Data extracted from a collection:
+++

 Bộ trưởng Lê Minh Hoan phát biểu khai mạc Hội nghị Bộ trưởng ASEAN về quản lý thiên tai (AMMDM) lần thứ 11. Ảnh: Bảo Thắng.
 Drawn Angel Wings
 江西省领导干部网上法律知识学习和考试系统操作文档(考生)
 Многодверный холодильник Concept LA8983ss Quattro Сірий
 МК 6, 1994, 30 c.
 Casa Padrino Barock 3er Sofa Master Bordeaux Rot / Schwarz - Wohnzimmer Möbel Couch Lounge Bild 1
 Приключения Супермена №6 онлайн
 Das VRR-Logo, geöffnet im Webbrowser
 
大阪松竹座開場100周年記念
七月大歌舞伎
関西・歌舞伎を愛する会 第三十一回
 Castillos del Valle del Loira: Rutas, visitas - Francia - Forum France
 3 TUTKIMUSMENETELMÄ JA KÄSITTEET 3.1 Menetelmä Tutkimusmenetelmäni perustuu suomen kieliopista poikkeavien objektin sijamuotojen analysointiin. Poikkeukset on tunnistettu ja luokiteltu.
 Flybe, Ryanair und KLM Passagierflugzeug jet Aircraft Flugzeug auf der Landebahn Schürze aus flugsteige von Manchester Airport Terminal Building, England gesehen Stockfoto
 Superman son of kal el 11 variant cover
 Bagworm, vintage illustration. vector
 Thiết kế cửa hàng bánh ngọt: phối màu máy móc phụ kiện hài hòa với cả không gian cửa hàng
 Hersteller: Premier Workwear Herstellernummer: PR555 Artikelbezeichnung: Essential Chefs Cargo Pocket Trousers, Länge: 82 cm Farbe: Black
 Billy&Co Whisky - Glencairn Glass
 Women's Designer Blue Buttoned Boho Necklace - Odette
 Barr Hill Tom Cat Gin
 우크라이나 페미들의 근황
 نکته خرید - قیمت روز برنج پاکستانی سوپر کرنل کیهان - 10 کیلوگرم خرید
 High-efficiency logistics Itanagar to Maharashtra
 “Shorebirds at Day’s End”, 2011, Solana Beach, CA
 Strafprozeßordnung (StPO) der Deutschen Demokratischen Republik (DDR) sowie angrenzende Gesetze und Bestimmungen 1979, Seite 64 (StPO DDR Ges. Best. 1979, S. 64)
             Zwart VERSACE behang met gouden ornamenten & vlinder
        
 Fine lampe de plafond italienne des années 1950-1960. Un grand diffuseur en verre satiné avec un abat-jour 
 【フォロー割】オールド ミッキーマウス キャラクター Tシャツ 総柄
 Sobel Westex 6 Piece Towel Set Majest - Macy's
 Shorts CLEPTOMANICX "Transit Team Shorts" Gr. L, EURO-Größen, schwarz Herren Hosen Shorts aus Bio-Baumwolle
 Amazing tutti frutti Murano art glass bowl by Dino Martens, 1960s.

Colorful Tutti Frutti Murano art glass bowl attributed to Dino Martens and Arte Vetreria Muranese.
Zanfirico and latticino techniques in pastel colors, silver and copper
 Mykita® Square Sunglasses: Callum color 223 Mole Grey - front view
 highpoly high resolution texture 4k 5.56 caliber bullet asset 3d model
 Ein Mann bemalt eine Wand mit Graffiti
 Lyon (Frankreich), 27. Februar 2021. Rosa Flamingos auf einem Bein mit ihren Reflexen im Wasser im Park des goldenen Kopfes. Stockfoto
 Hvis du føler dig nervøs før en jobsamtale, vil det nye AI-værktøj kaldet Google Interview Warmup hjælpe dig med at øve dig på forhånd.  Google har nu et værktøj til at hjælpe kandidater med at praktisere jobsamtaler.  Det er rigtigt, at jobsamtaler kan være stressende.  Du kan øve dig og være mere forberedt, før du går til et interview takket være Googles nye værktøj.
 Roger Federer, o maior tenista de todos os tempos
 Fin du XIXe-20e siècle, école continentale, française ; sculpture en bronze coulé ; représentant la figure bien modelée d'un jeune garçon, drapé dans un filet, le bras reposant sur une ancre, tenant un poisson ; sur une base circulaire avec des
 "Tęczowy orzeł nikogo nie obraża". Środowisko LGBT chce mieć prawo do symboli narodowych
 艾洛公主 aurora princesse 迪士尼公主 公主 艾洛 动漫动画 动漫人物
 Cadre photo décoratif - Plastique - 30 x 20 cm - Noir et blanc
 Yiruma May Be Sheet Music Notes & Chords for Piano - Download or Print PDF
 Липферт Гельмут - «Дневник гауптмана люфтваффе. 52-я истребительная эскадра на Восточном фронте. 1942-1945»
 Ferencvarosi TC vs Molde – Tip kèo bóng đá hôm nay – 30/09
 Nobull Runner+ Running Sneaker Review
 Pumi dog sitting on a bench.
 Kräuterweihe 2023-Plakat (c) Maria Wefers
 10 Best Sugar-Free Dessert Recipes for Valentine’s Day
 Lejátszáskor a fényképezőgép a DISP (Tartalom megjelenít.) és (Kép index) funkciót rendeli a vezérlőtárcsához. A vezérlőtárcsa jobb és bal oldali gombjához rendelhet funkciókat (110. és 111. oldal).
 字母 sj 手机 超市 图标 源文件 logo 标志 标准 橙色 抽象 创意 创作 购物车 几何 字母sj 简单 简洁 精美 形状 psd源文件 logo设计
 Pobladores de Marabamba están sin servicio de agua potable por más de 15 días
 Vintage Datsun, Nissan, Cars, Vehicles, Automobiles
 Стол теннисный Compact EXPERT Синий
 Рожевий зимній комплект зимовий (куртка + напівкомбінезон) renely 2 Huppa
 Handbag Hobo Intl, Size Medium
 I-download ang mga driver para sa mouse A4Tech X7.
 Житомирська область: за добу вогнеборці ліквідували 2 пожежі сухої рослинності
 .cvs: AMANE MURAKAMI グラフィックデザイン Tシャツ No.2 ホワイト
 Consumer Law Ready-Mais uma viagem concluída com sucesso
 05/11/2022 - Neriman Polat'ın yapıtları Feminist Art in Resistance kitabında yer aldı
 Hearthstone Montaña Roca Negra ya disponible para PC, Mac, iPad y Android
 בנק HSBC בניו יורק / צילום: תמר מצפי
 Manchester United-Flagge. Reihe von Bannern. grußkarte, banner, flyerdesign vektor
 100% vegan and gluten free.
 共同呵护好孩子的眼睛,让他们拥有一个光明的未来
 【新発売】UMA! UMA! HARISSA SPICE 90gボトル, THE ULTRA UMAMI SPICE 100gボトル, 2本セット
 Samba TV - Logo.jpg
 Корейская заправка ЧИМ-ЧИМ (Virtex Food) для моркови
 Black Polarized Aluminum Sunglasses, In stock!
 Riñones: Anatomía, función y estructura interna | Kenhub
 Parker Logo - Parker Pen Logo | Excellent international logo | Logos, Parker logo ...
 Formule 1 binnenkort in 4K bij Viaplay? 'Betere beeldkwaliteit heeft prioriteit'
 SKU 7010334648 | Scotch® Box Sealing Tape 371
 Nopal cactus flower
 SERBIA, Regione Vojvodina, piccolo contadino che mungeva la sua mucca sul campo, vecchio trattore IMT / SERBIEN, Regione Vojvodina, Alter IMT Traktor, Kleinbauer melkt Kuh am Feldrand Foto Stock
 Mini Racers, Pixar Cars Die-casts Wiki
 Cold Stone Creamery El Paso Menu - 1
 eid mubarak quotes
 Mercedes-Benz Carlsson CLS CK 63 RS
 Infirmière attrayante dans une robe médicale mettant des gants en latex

+++

■ Assigned task ■
Given the records above, reproduce precisely and only the lines between the line holding "do symboli narodowych" and the line holding "Ferencvarosi TC vs", inclusive.

■ Written reply ■
 "Tęczowy orzeł nikogo nie obraża". Środowisko LGBT chce mieć prawo do symboli narodowych
 艾洛公主 aurora princesse 迪士尼公主 公主 艾洛 动漫动画 动漫人物
 Cadre photo décoratif - Plastique - 30 x 20 cm - Noir et blanc
 Yiruma May Be Sheet Music Notes & Chords for Piano - Download or Print PDF
 Липферт Гельмут - «Дневник гауптмана люфтваффе. 52-я истребительная эскадра на Восточном фронте. 1942-1945»
 Ferencvarosi TC vs Molde – Tip kèo bóng đá hôm nay – 30/09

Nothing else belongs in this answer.